Give only the number of lines in the following entries where "with" appears.
===== Material for the task =====
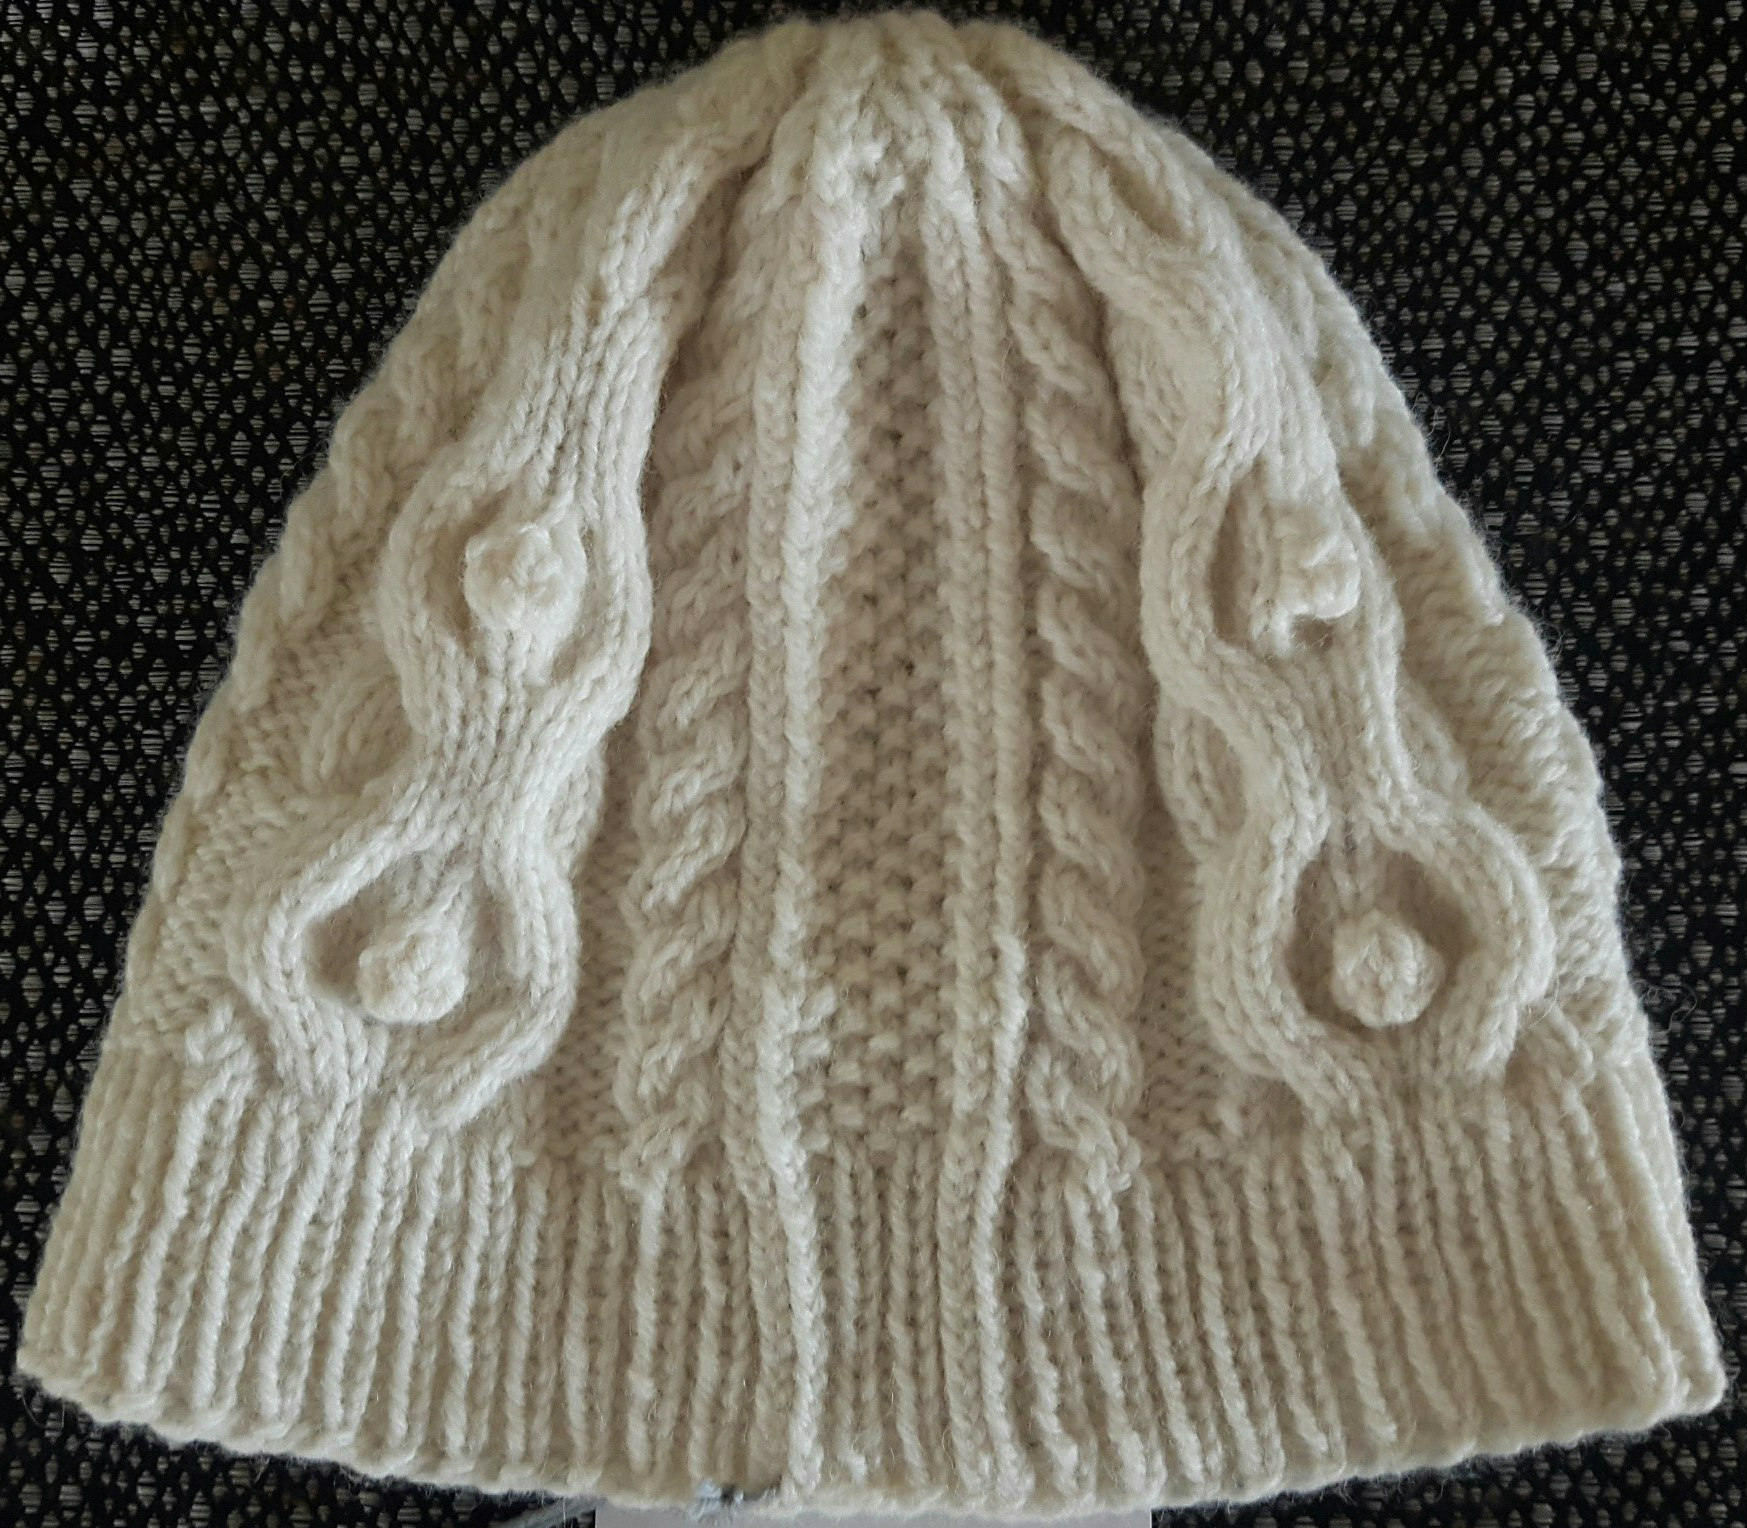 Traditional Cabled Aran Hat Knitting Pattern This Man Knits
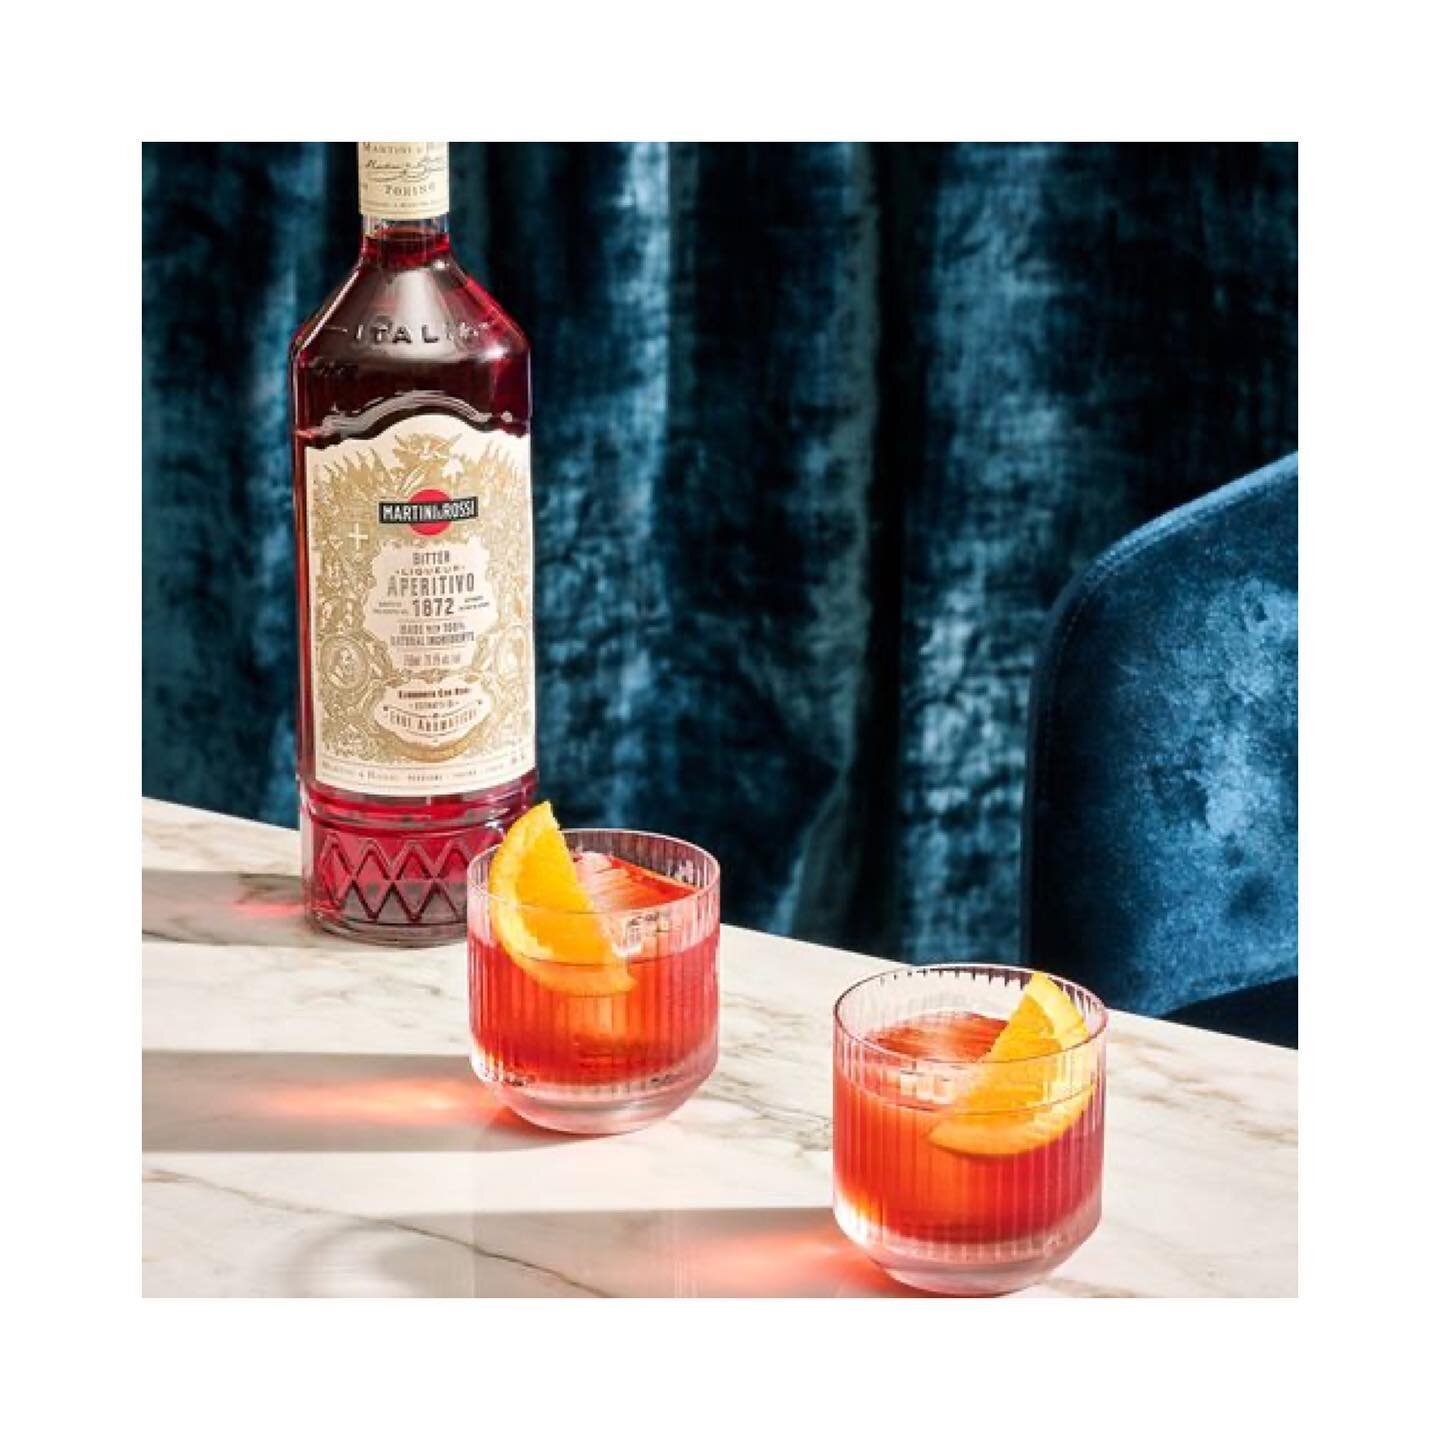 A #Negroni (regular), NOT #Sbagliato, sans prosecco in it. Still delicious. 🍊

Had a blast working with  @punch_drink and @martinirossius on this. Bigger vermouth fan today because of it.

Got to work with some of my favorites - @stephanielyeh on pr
=====
===== Material for the task =====
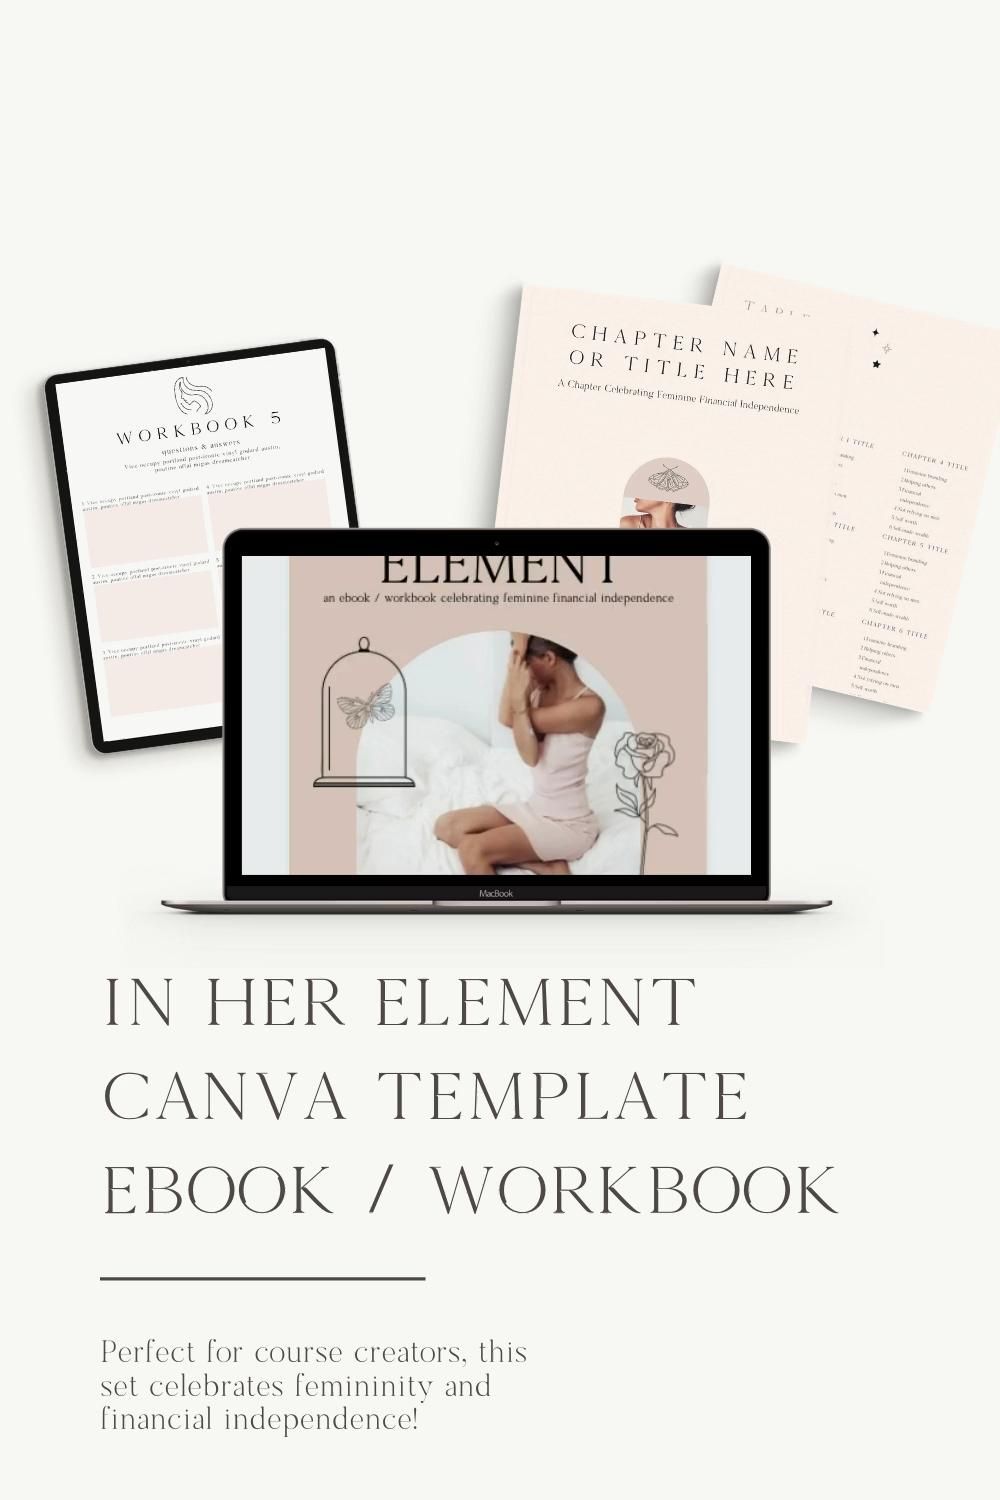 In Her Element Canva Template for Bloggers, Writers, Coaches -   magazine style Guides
=====
Response area> 2